When I am trying to call a min() function in XML directly, see my last (commented) column "mutationdate_xml_min", I get the following error:

ORA-19112: error raised during evaluation: 
XVM-01123: [FORG0001] Invalid value for cast/constructor
19112. 00000 -  "error raised during evaluation: %s"
*Cause:    The error function was called during evaluation of the XQuery expression.
*Action:   Check the detailed error message for the possible causes.

Someone who can help me with the XML/XPath syntax of that?

Thanks!


Solution

  • By default, fn:min() will try to convert data to double, which obviously wont' work for your date/timestamp strings. From the spec:

    • Values of type xs:untypedAtomic in $arg are cast to xs:double.

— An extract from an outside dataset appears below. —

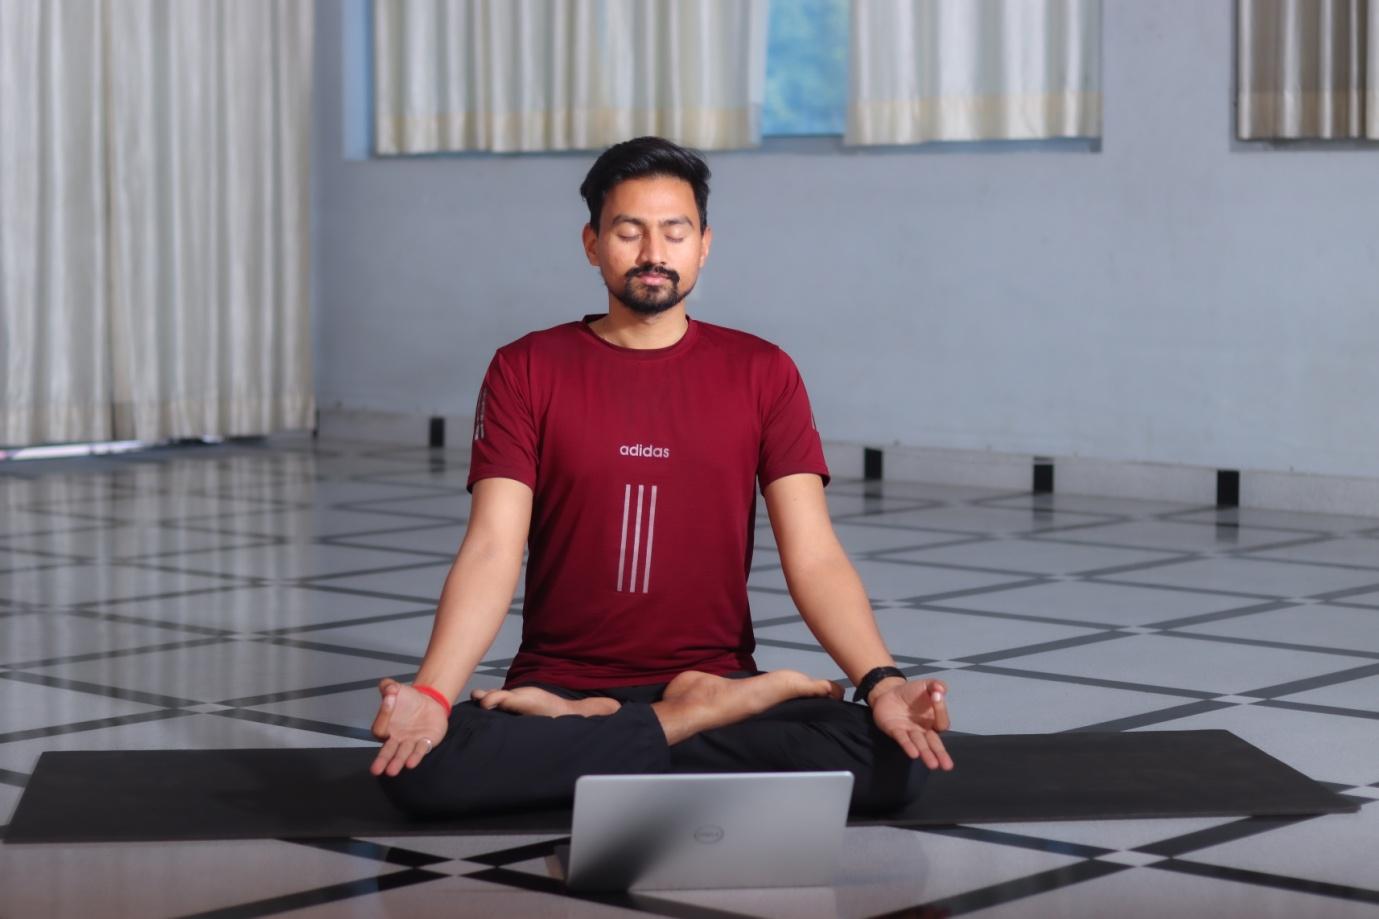 200 Hour Online Yoga Teacher Training Course
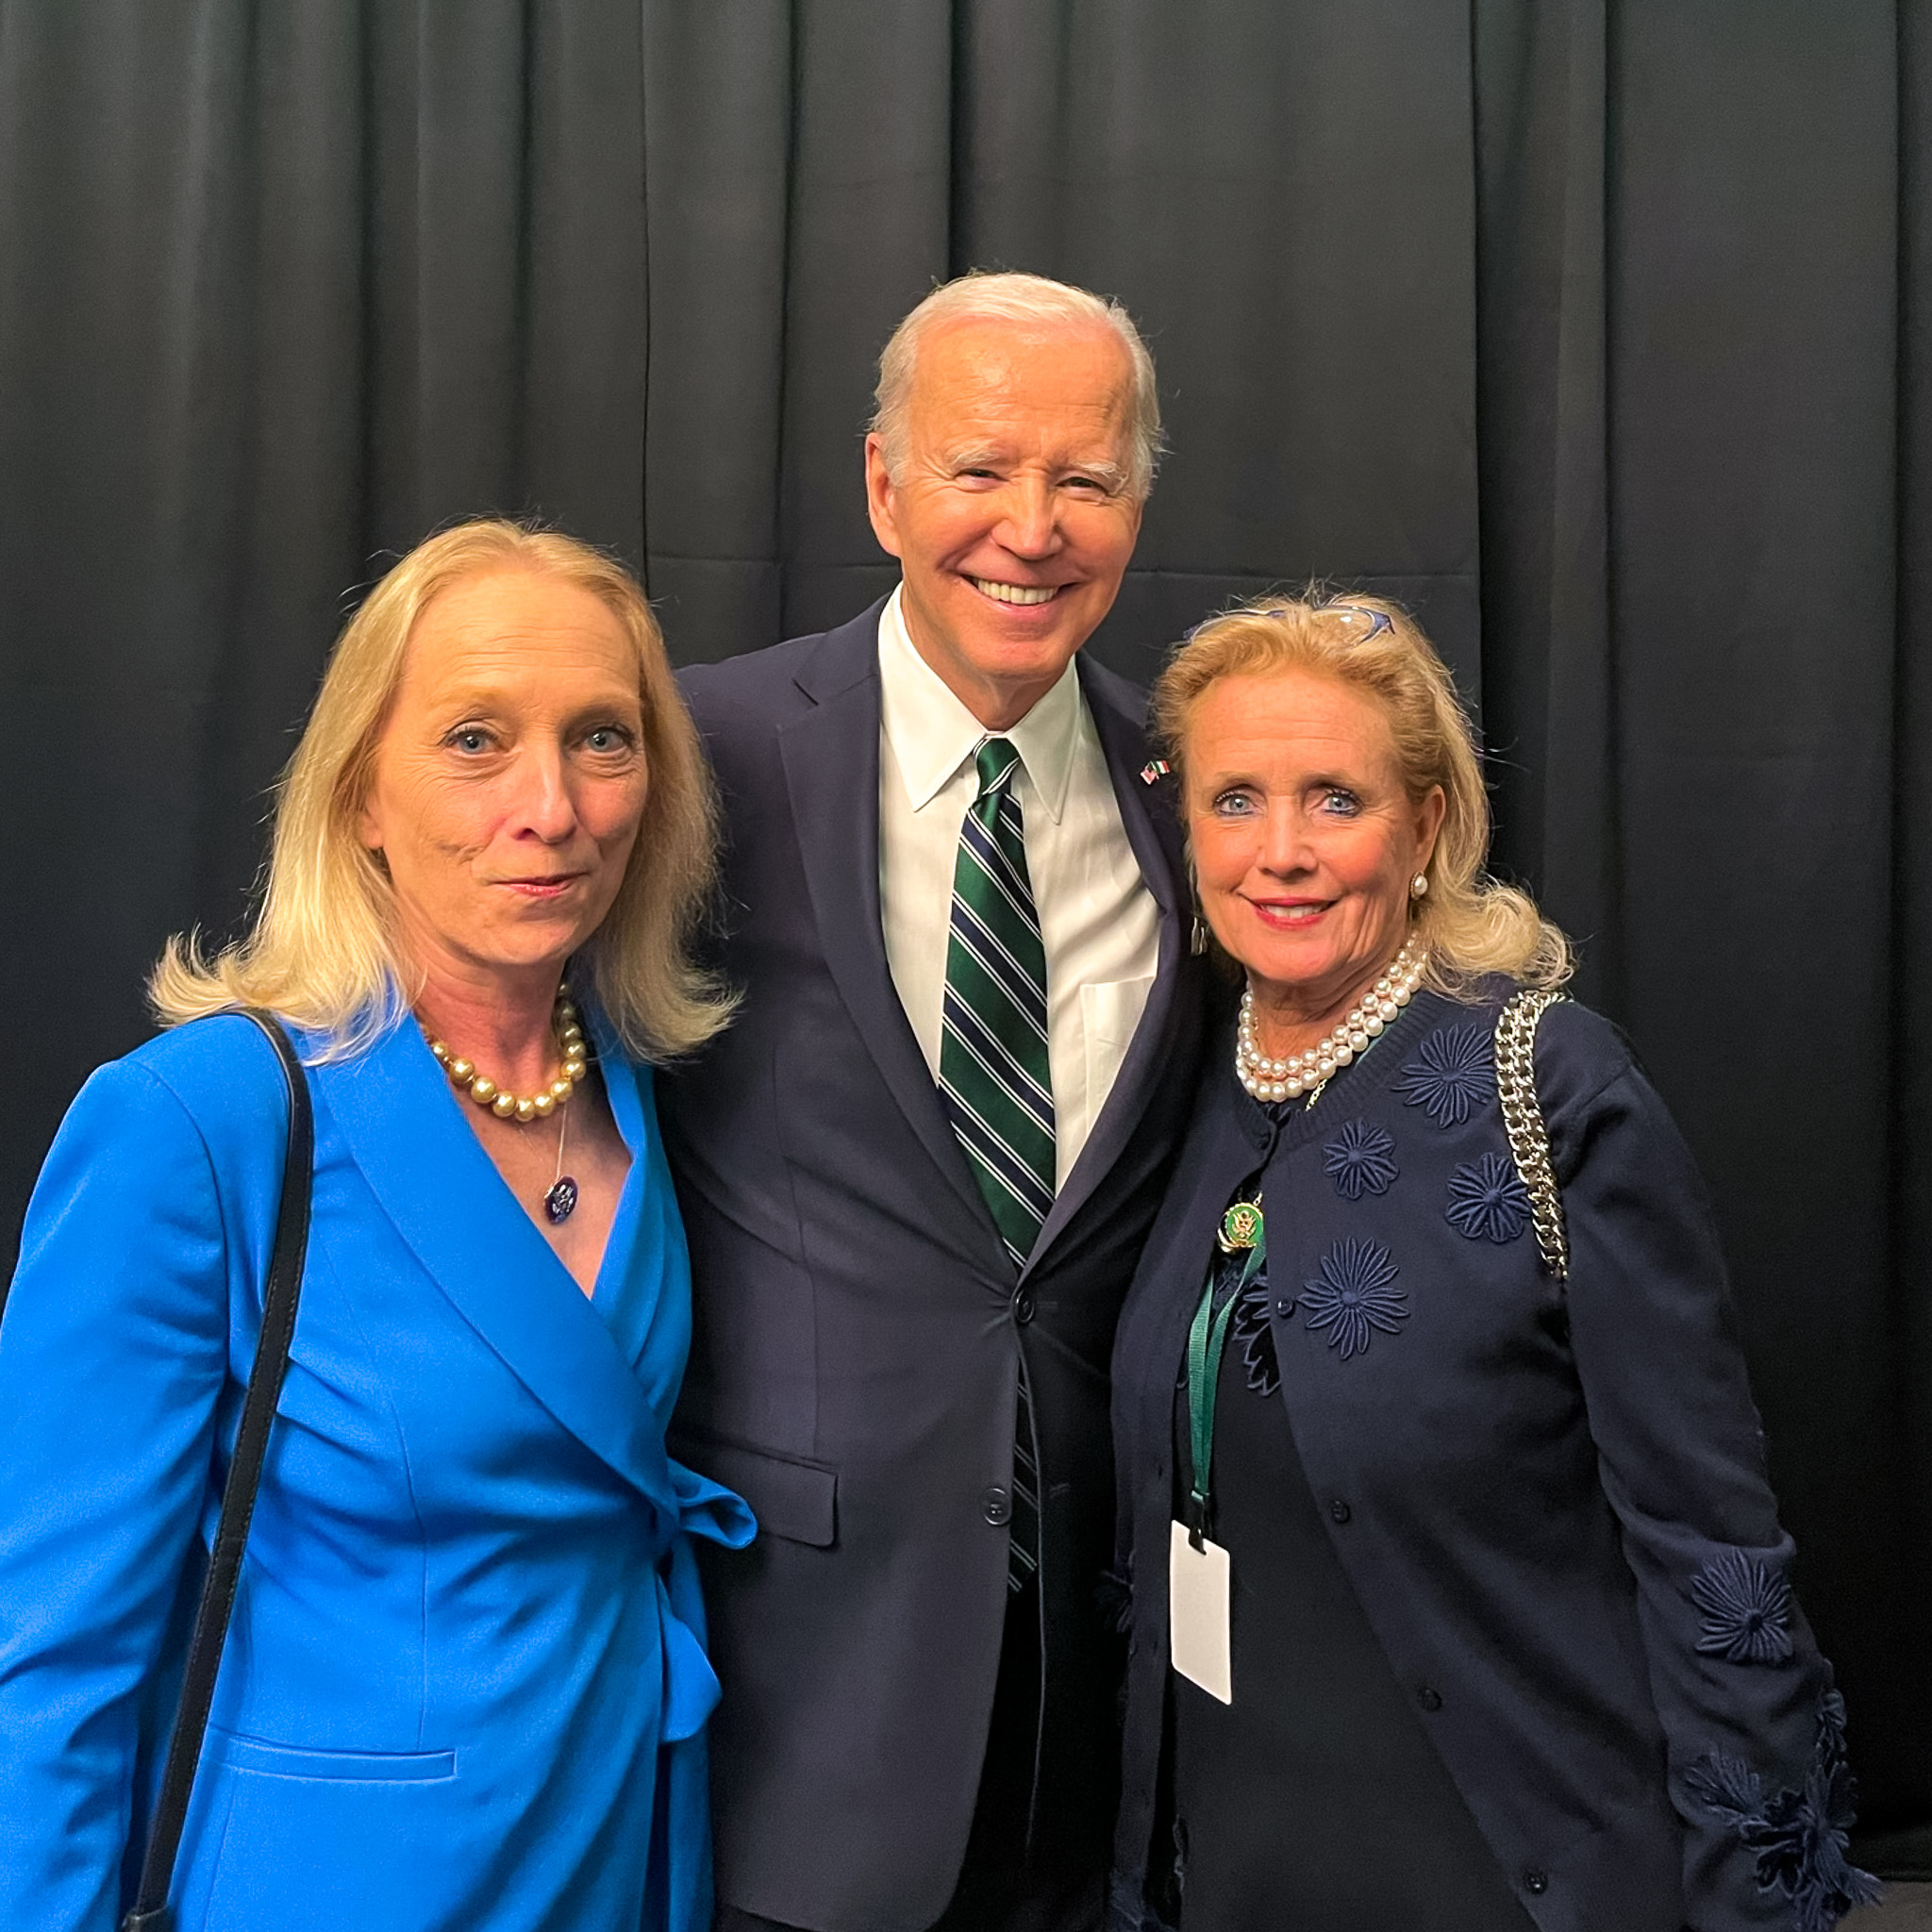 Rep. Dingell poses for a photo with US President Joe Biden and Congresswoman Mary Gay Scanlon of Pennsylvania

    You can explicitly cast each value to date before applying the function:

    , mutationdate_xml_min      varchar2(256)  path 'min(mutation/xs:date(mutationDate))'
    
    MUTATIONDATE_XML_MIN MUTATIONDATE_SQL_MIN
    2025-01-01+00:00 2025-01-01

    That might be OK if you only want the data part, but it loses the time, which is probably useful. Or for your original timestamp values:

    , mutationdate_xml_min      varchar2(256)  path 'min(mutation/xs:dateTime(mutationDate))'
    
    MUTATIONDATE_XML_MIN MUTATIONDATE_SQL_MIN
    2025-01-01T12:14:16.000000+00:00 2025-01-01T12:14:16

    which looks more useful.

    For the timestamp version you can extract the value as a timestamp with timezone rather than as a string, if you want:

    , mutationdate_xml_min      timestamp with time zone  path 'min(mutation/xs:dateTime(mutationDate))'
    

    It isn't a plain timestamp because the canonical dateTime representation includes the time zone, which will default to +00:00 as one has been specified - but you can cast that back to a plain timestamp to remove that.

    You could remove that in the XPath too, which would let you extract it as a plain timestamp:

    , mutationdate_xml_min      timestamp  path 'substring-before(xs:string(min(mutation/xs:dateTime(mutationDate))), "+00:00")'
    

    fiddle

    As Oracle doesn't have a time zone-aware date, you would need to strip the +00:00 for that version, which you could do in the XPath again, and then extract it as a date. But you still lose the time part.